[Start of section]

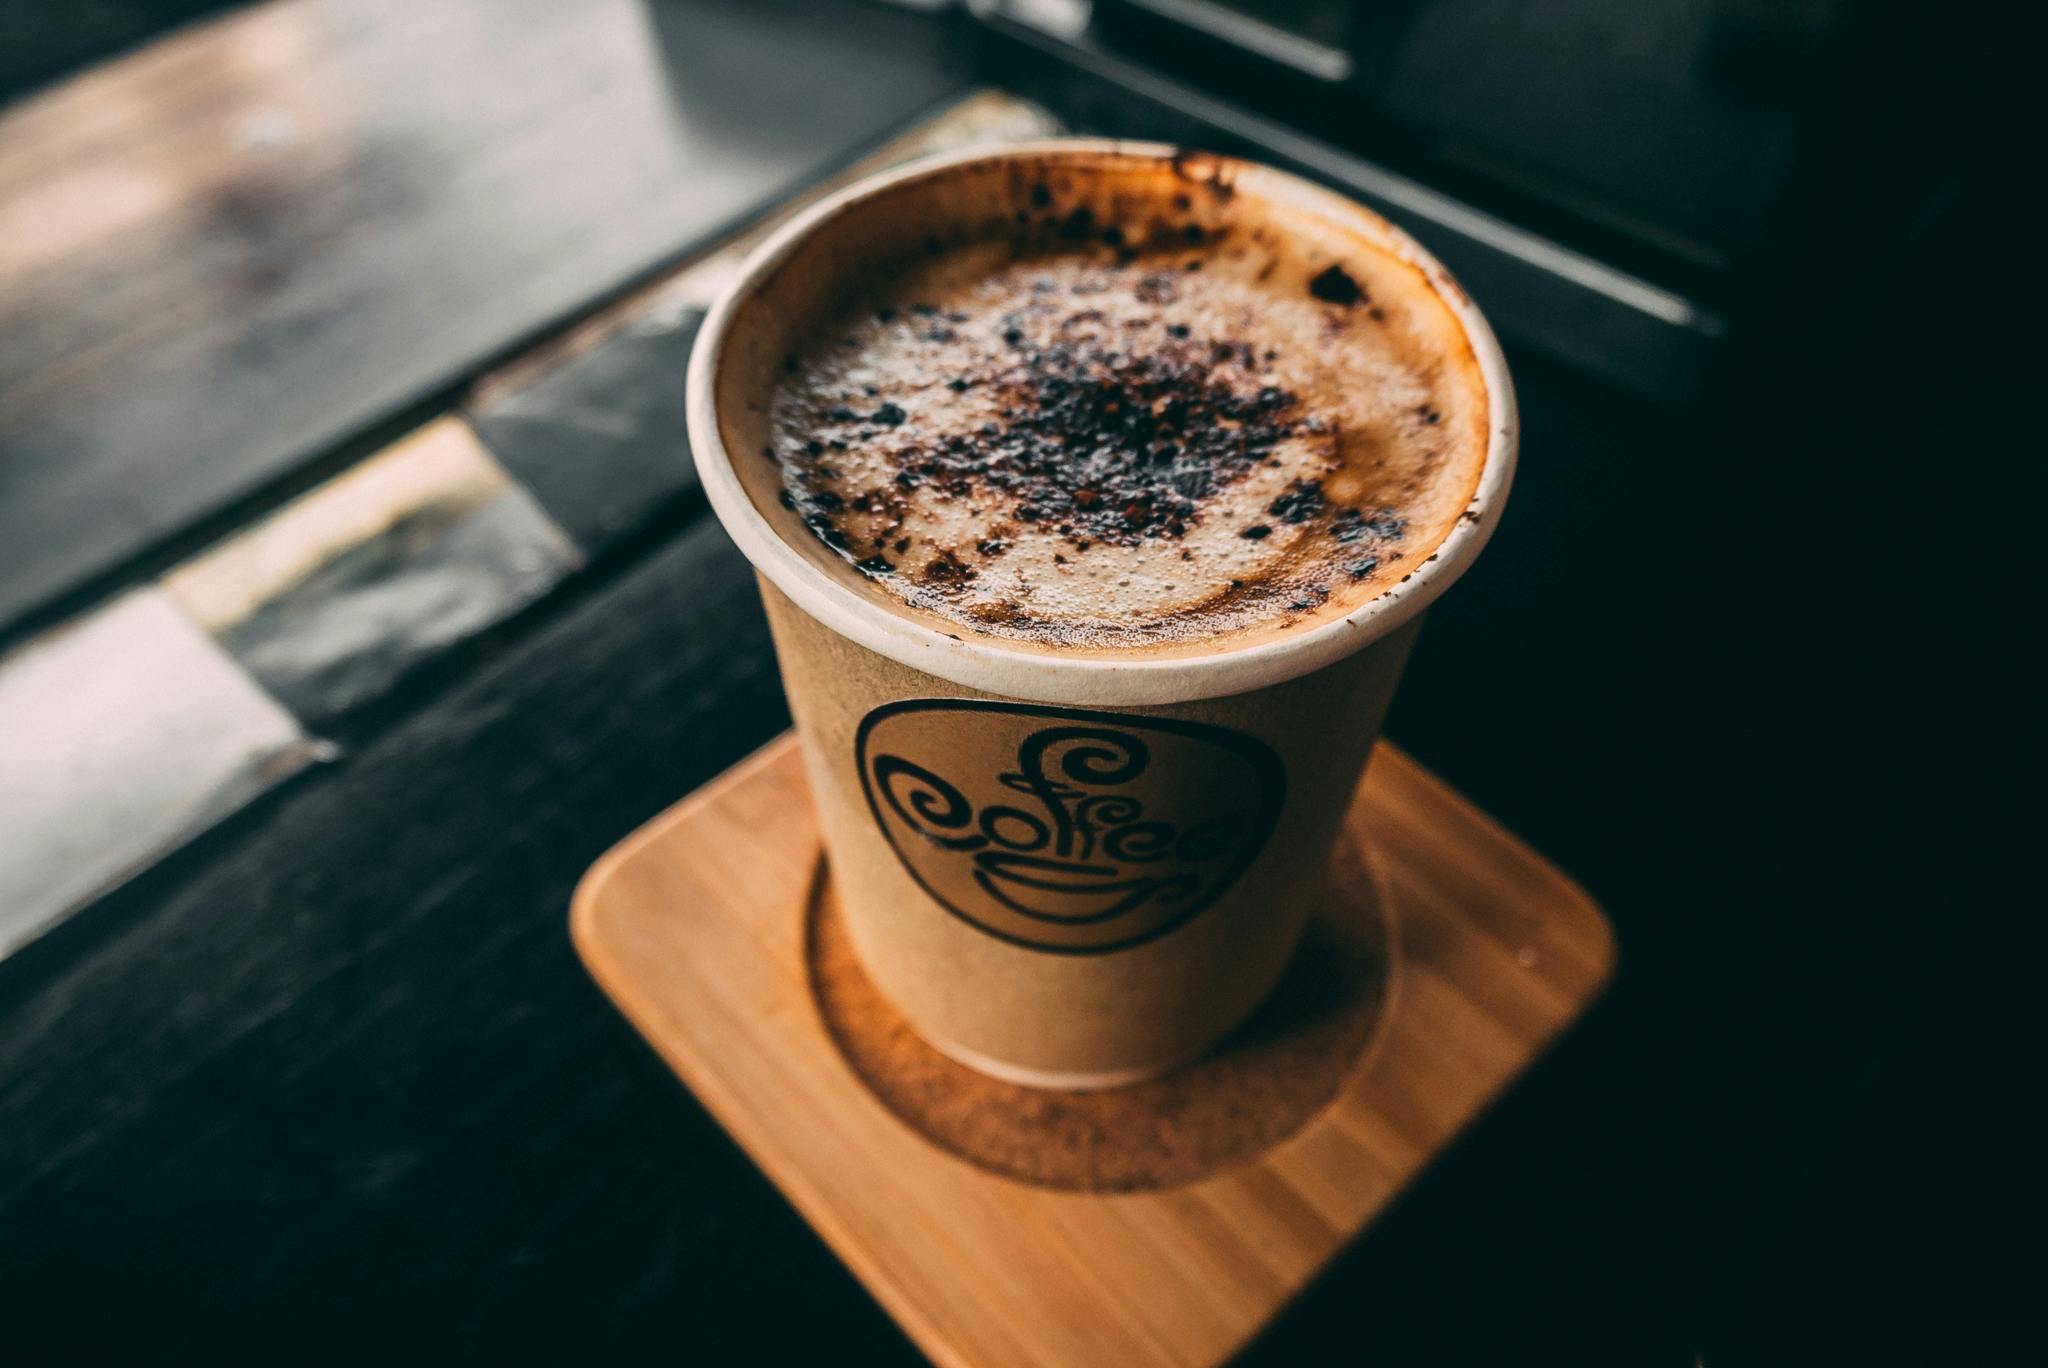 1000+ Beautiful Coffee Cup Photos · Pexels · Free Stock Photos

[End of section]
[Start of section]

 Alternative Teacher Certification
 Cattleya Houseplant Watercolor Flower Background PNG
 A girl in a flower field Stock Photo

[End of section]

* TASK OBJECTIVE
Would you please copy exactly the part of the entries above that begins at the line containing "Alternative Teacher Certification" and ends at the line containing "A girl in a flower field Stock Photo", both lines included?

* FINAL ANSWER
 Alternative Teacher Certification
 Cattleya Houseplant Watercolor Flower Background PNG
 A girl in a flower field Stock Photo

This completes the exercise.